- **WORK TO BE COMPLETED**
Please copy the listing that follows exactly, leaving out any pictures.

- **PROVIDED DATA**
• • •

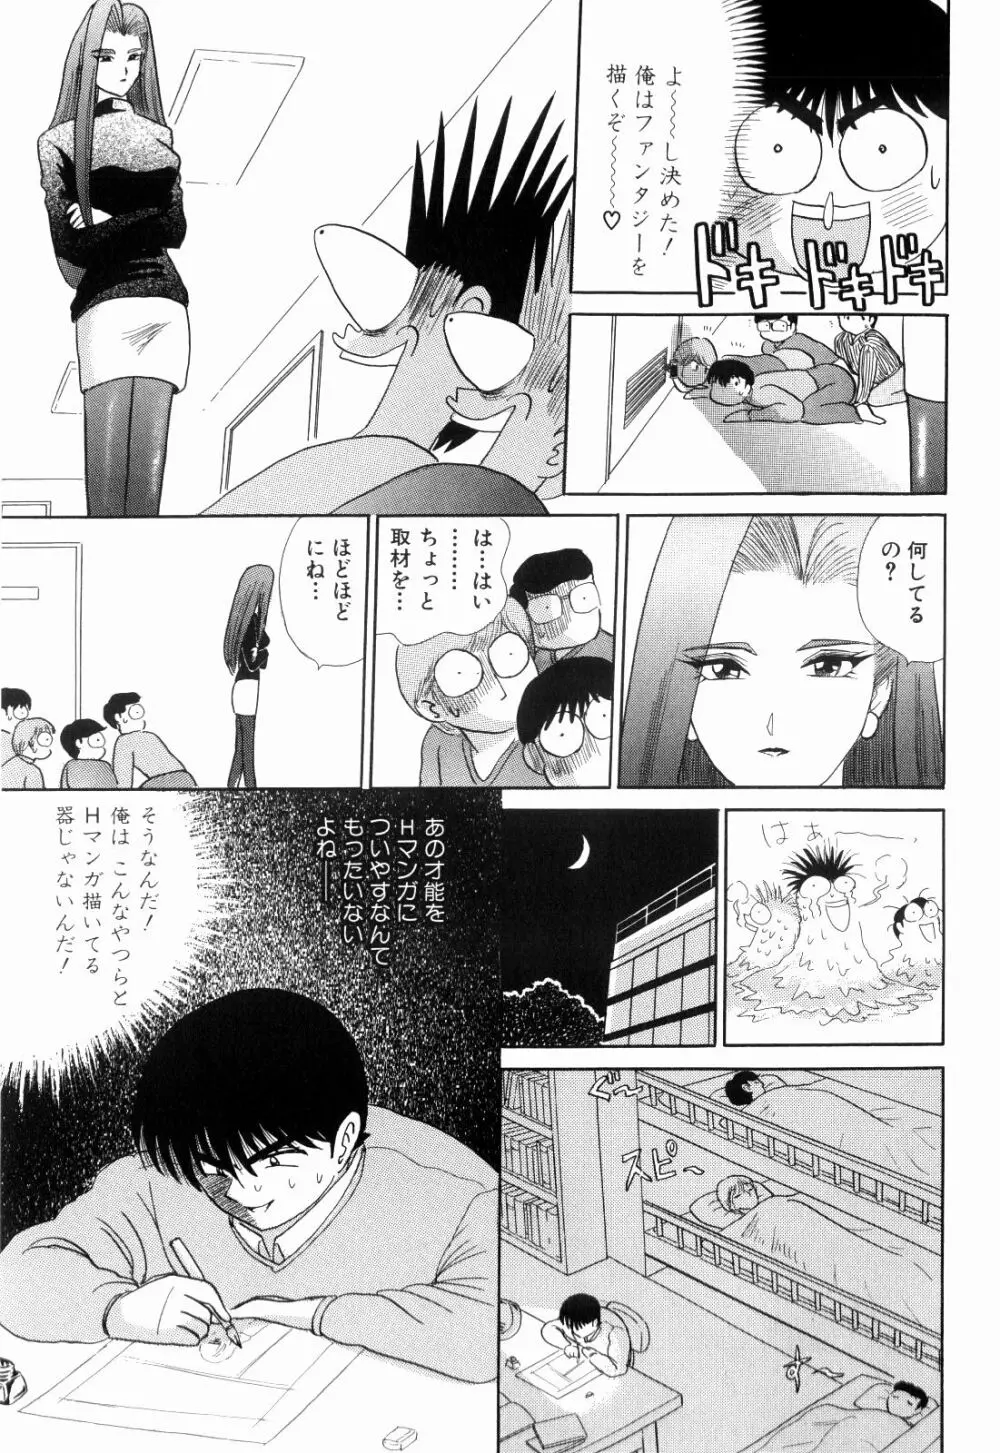 Kenjiro Kakimoto – Futari Kurashi 12 75ページ
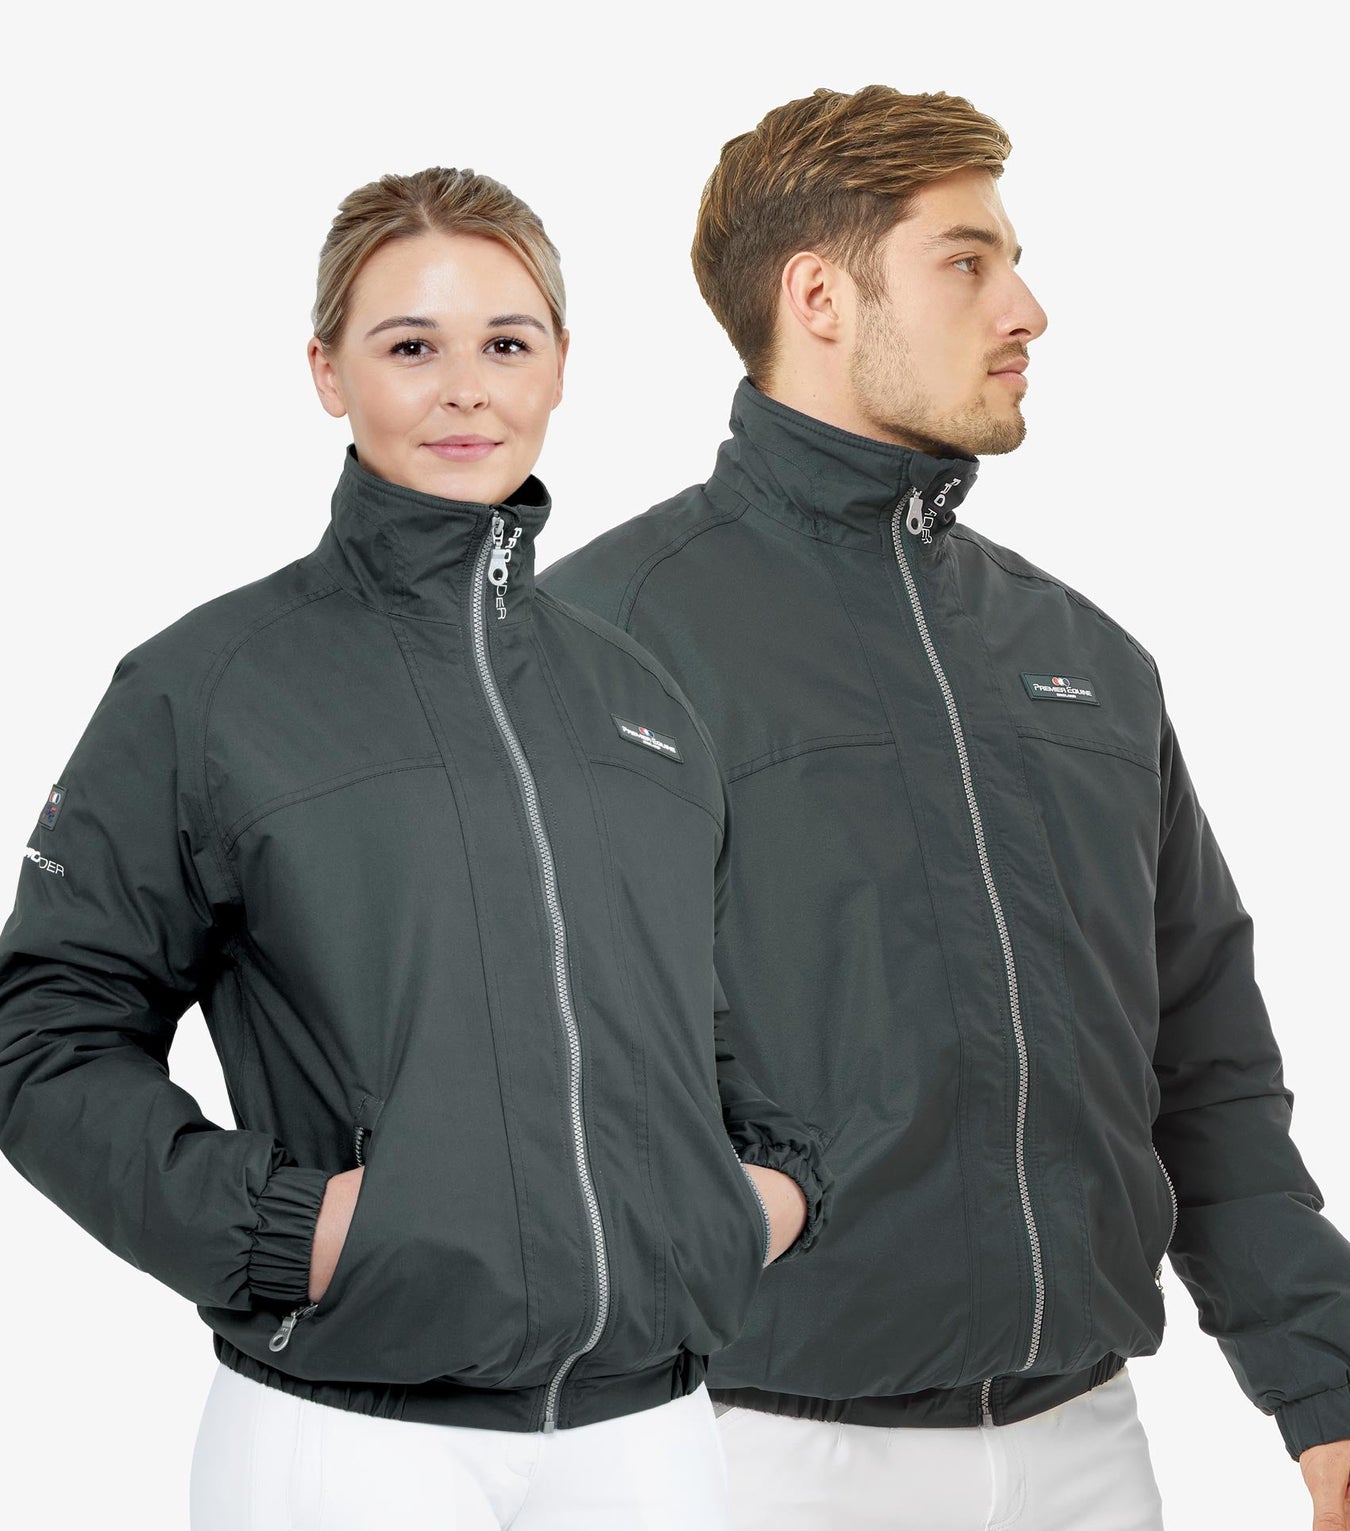 Unisex Jackets and Coats
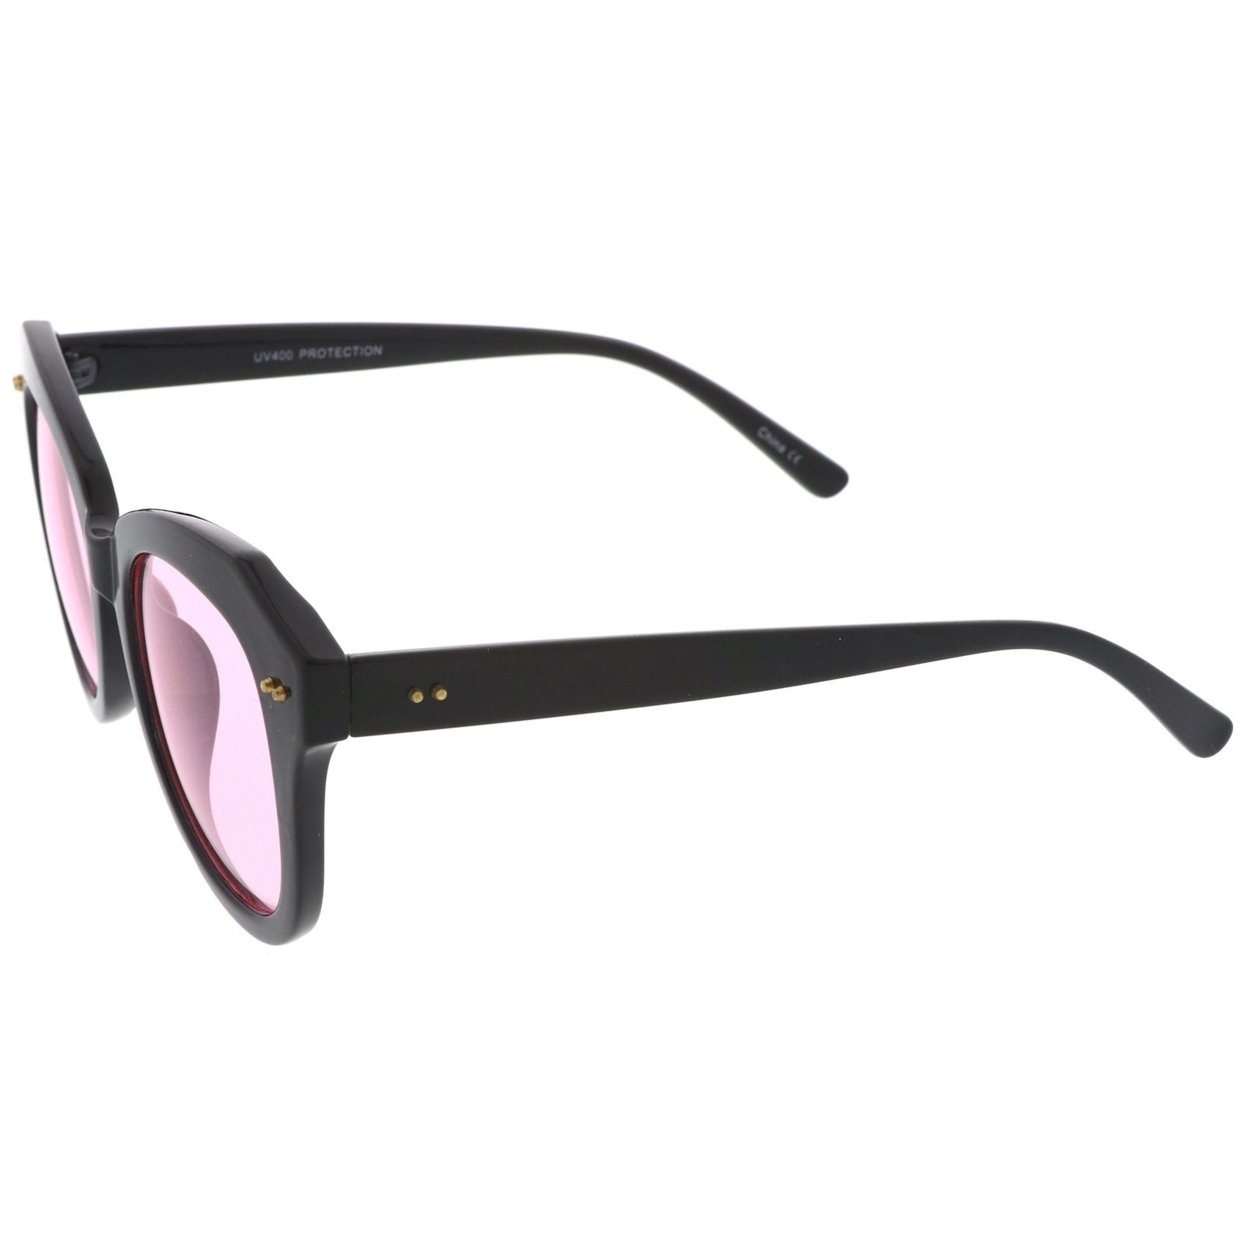 Women's Oversize Horn Rimmed Colored Round Lens Cat Eye Sunglasses 52mm - Black / Blue

• • •

- **RESPONSE TO THIS TASK**
 Kenjiro Kakimoto – Futari Kurashi 12 75ページ
 Unisex Jackets and Coats
 Women's Oversize Horn Rimmed Colored Round Lens Cat Eye Sunglasses 52mm - Black / Blue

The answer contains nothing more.